About this task: Copy out and return the lines from the one holding "Newbury External Glazed" to the end of the listing below, both included, omitting the pictures.

Given information:

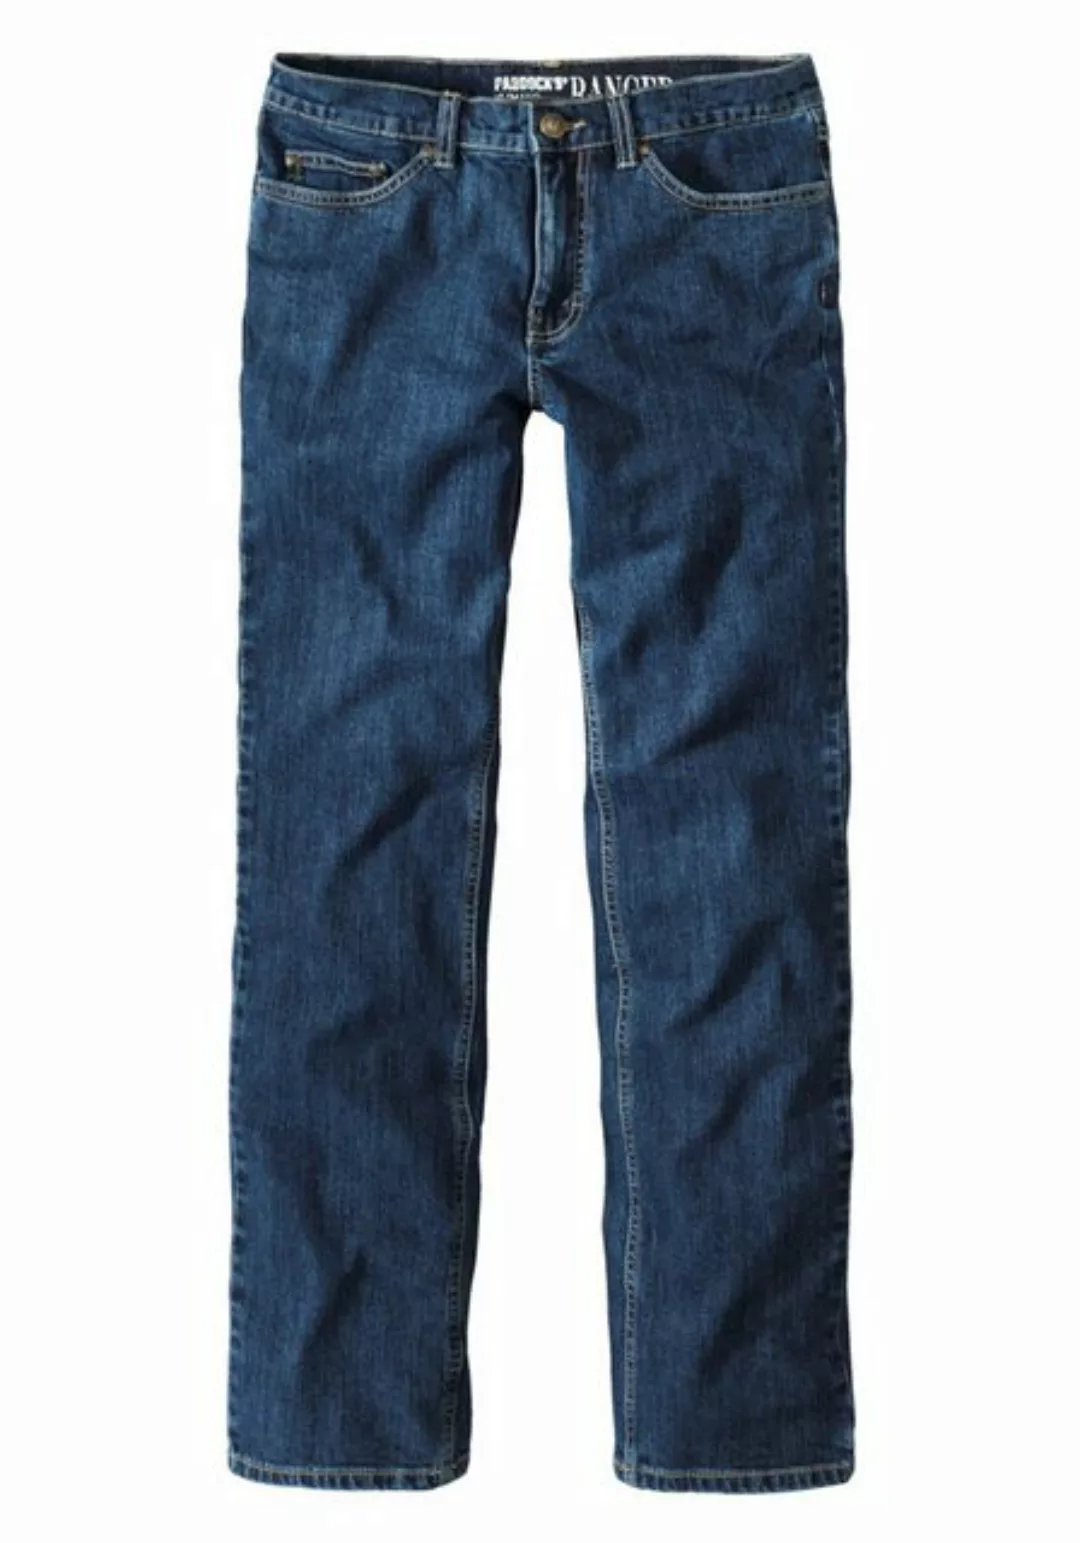 Paddock's 5-Pocket-Jeans PADDOCKS RANGER vintage blue rinse wash 80253 1628 günstig online kaufen
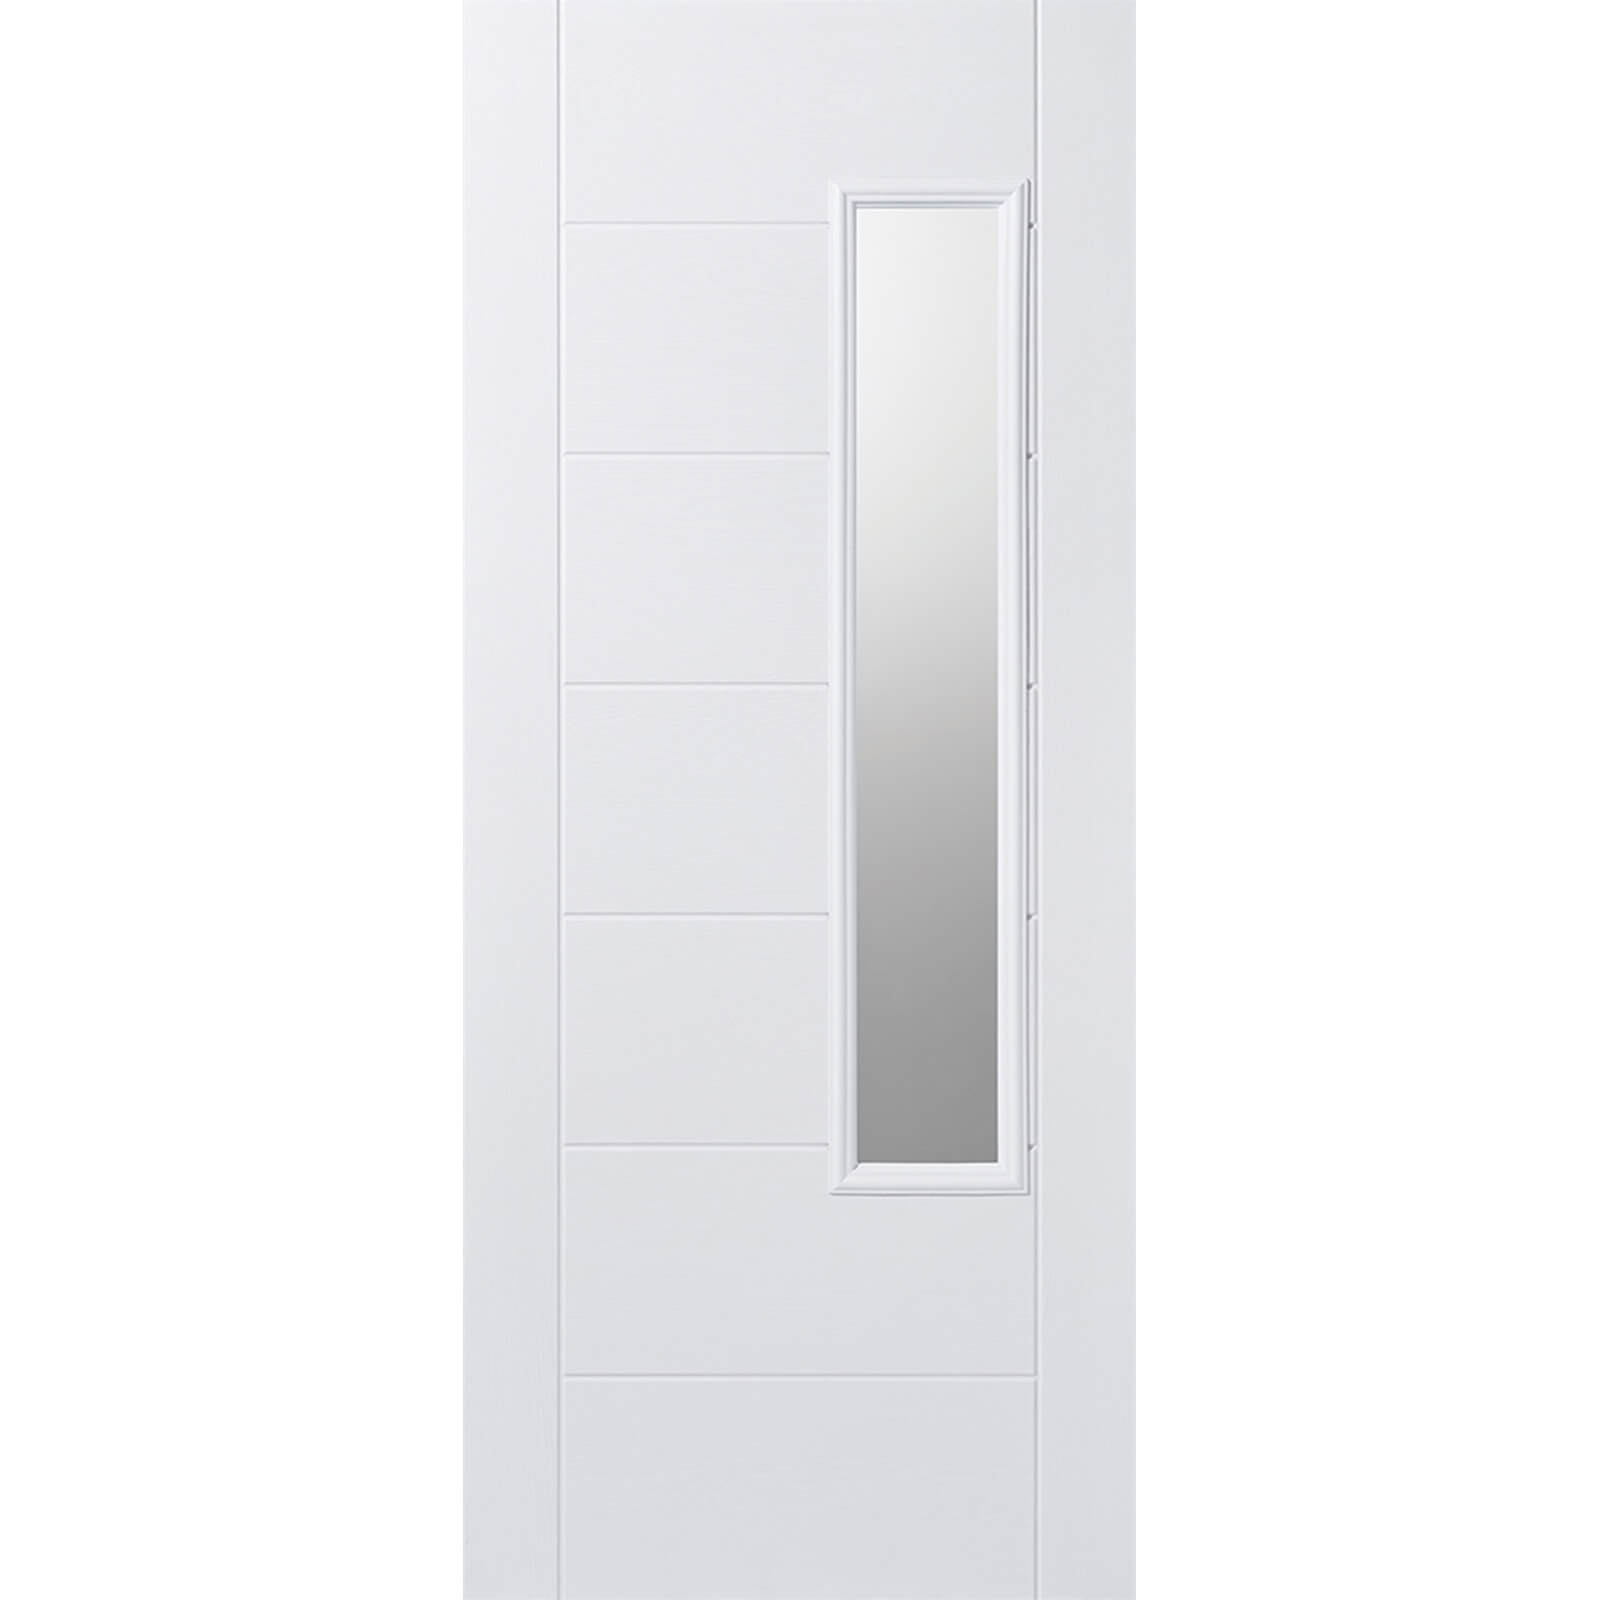 Newbury External Glazed White GRP 1 Lite Door - 813 x 2032mm
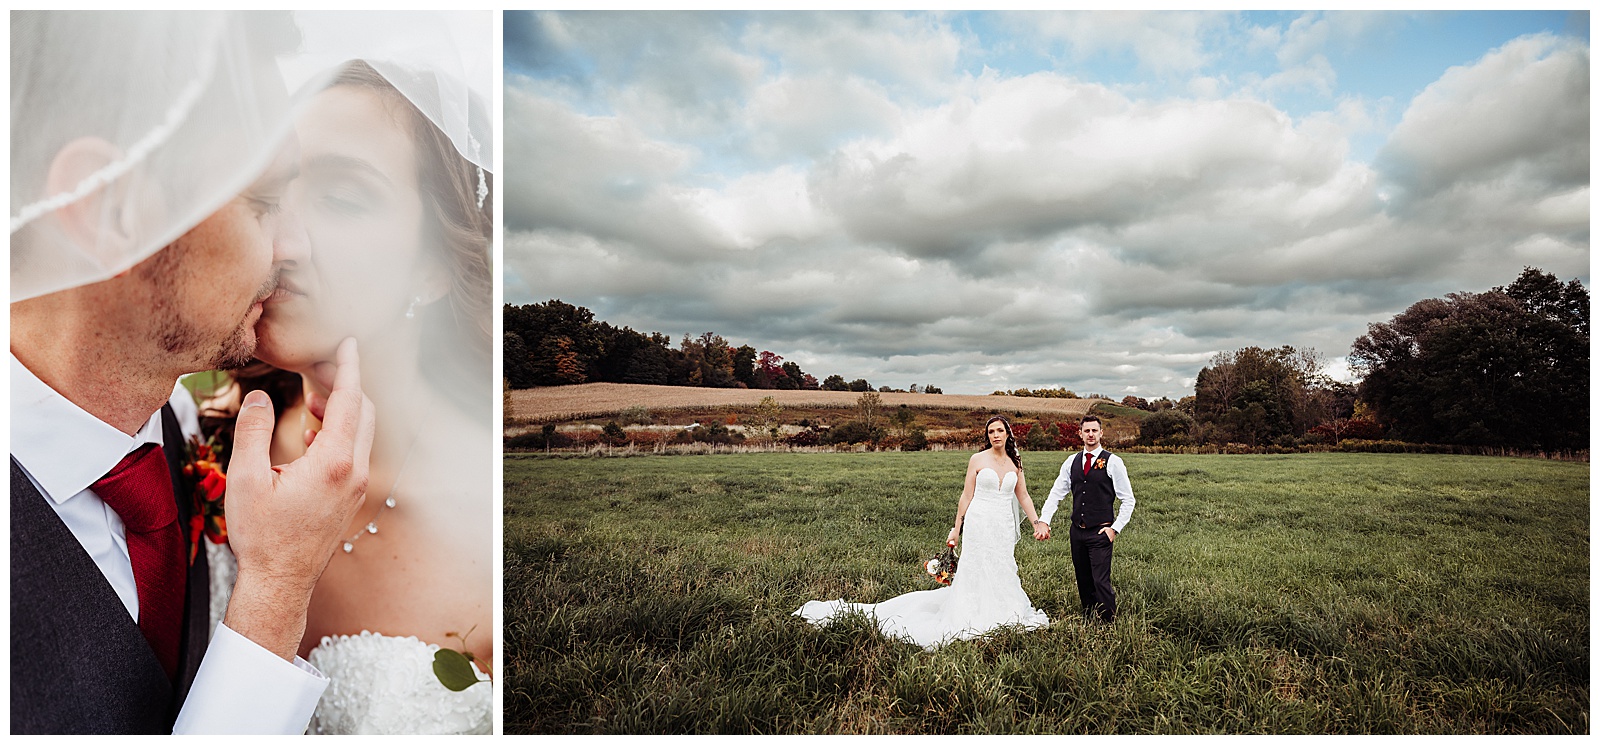 Fall Bride + Groom Portraits in Chautauqua County NY
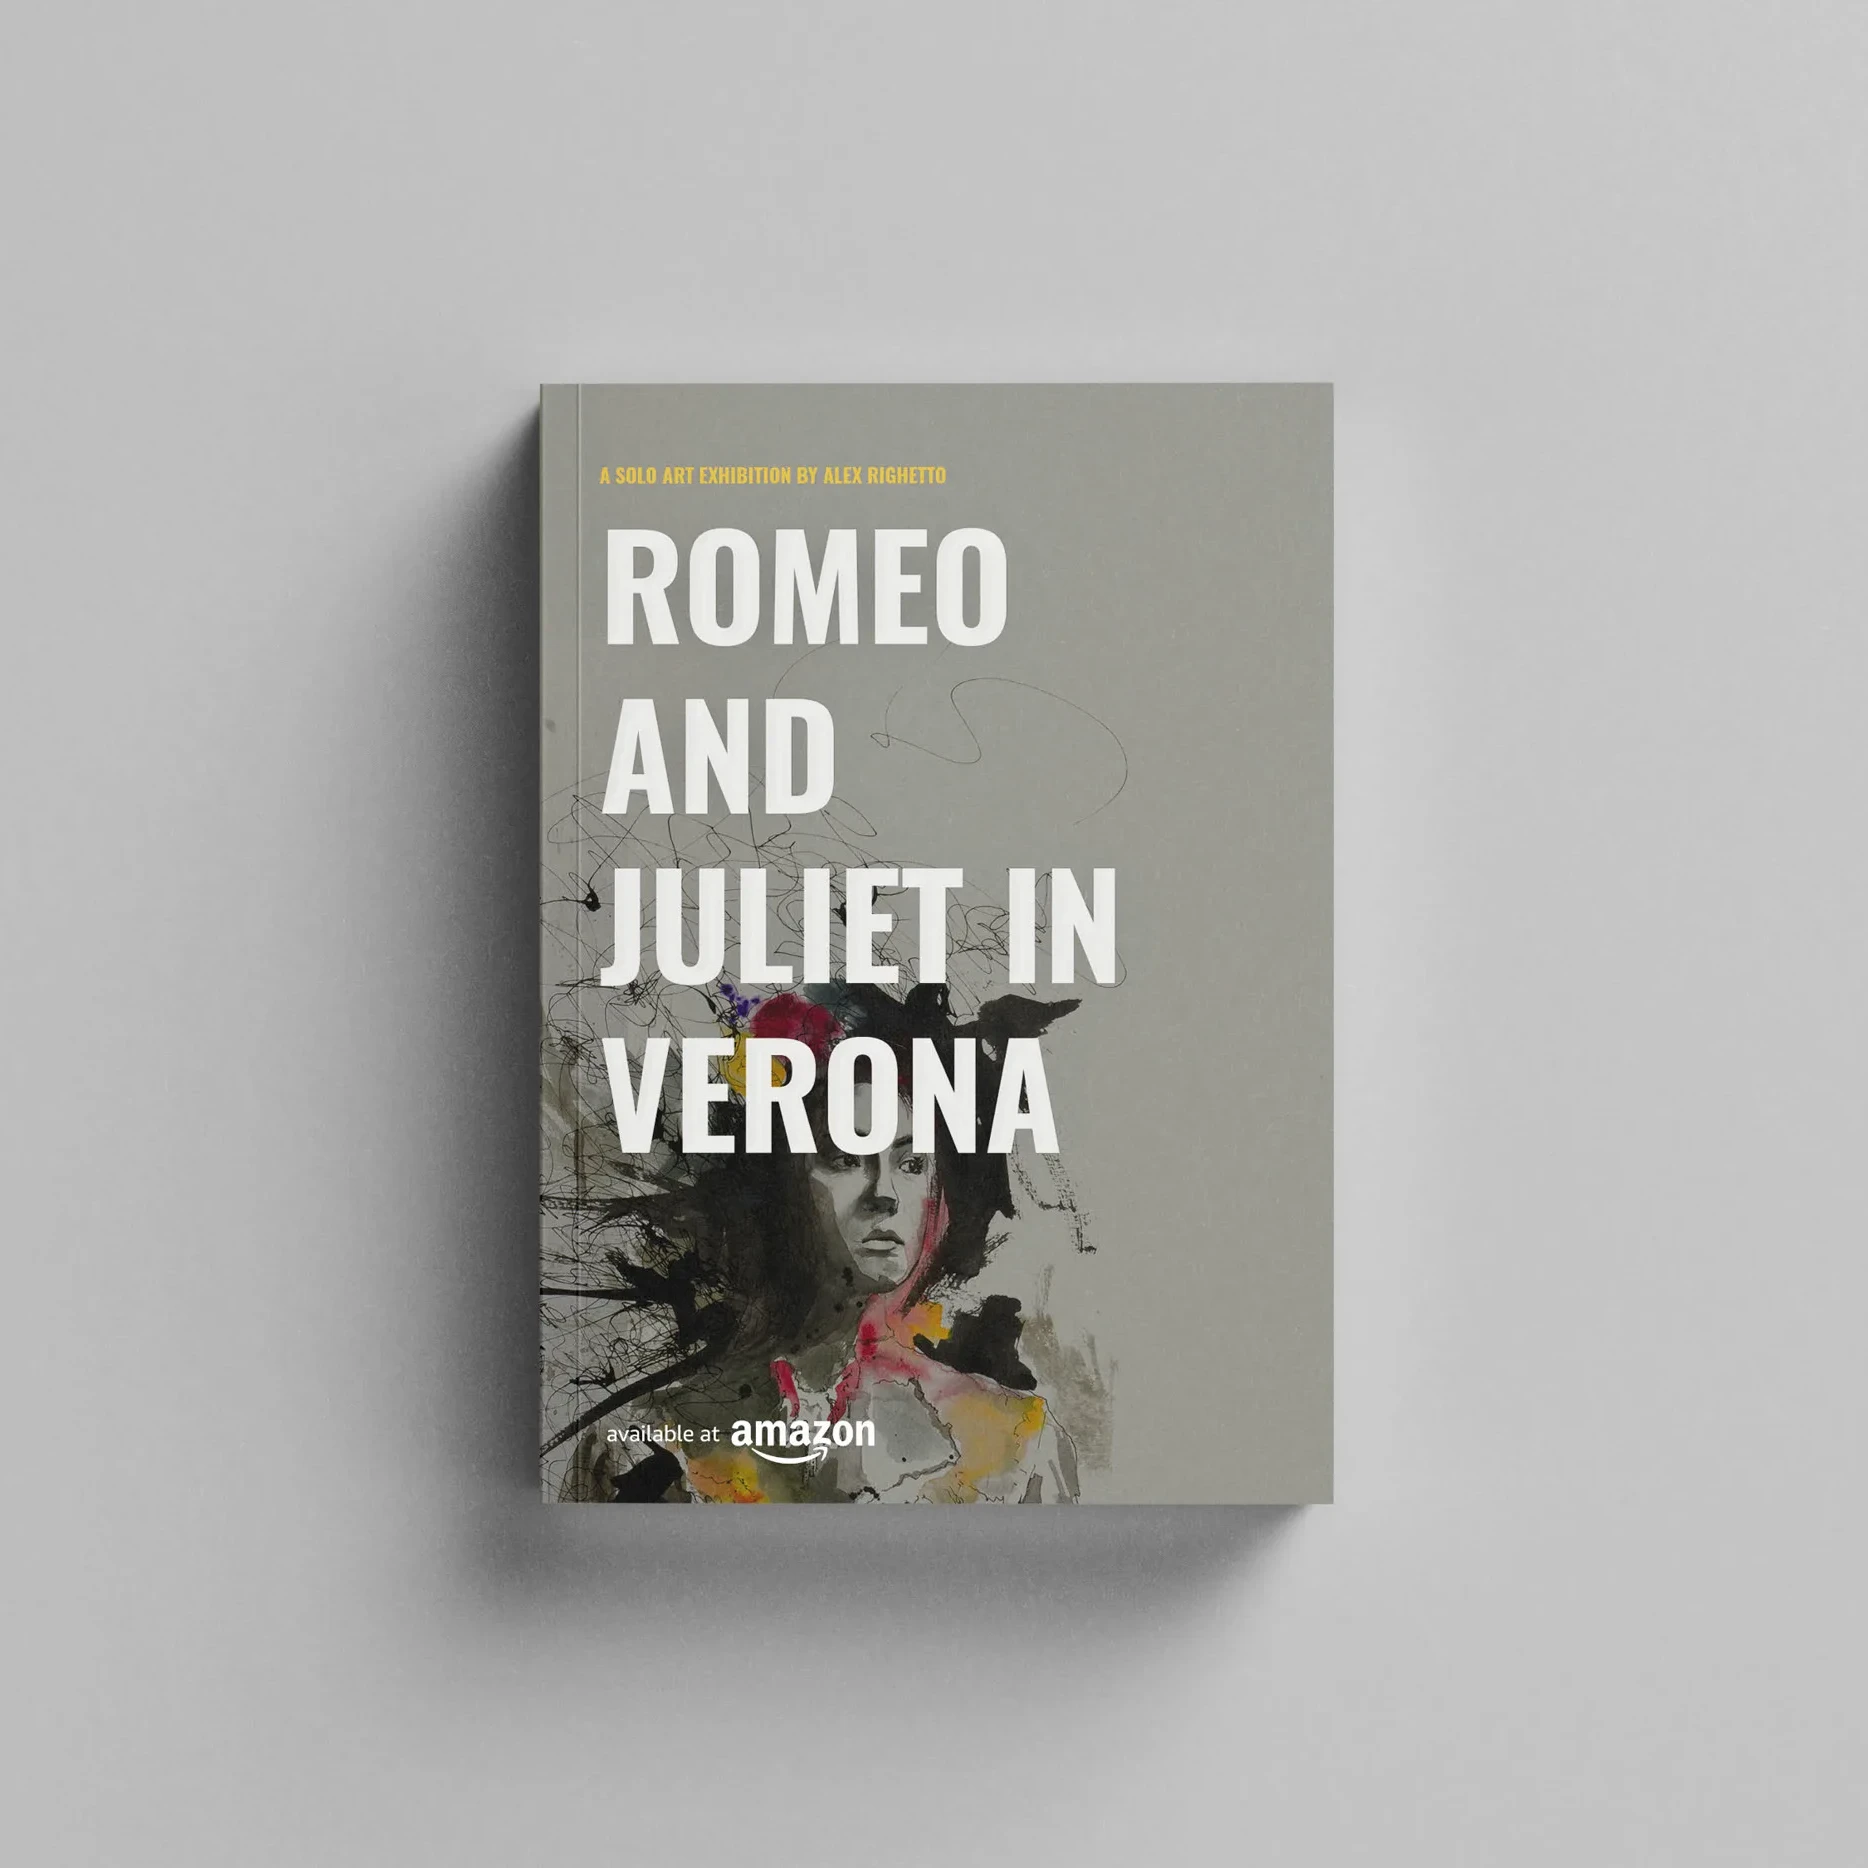 artwork book romeo and juliet alex righetto 03092024 1 jpg uai

Answer area:
 Newbury External Glazed White GRP 1 Lite Door - 813 x 2032mm
 Fall Bride + Groom Portraits in Chautauqua County NY
 artwork book romeo and juliet alex righetto 03092024 1 jpg uai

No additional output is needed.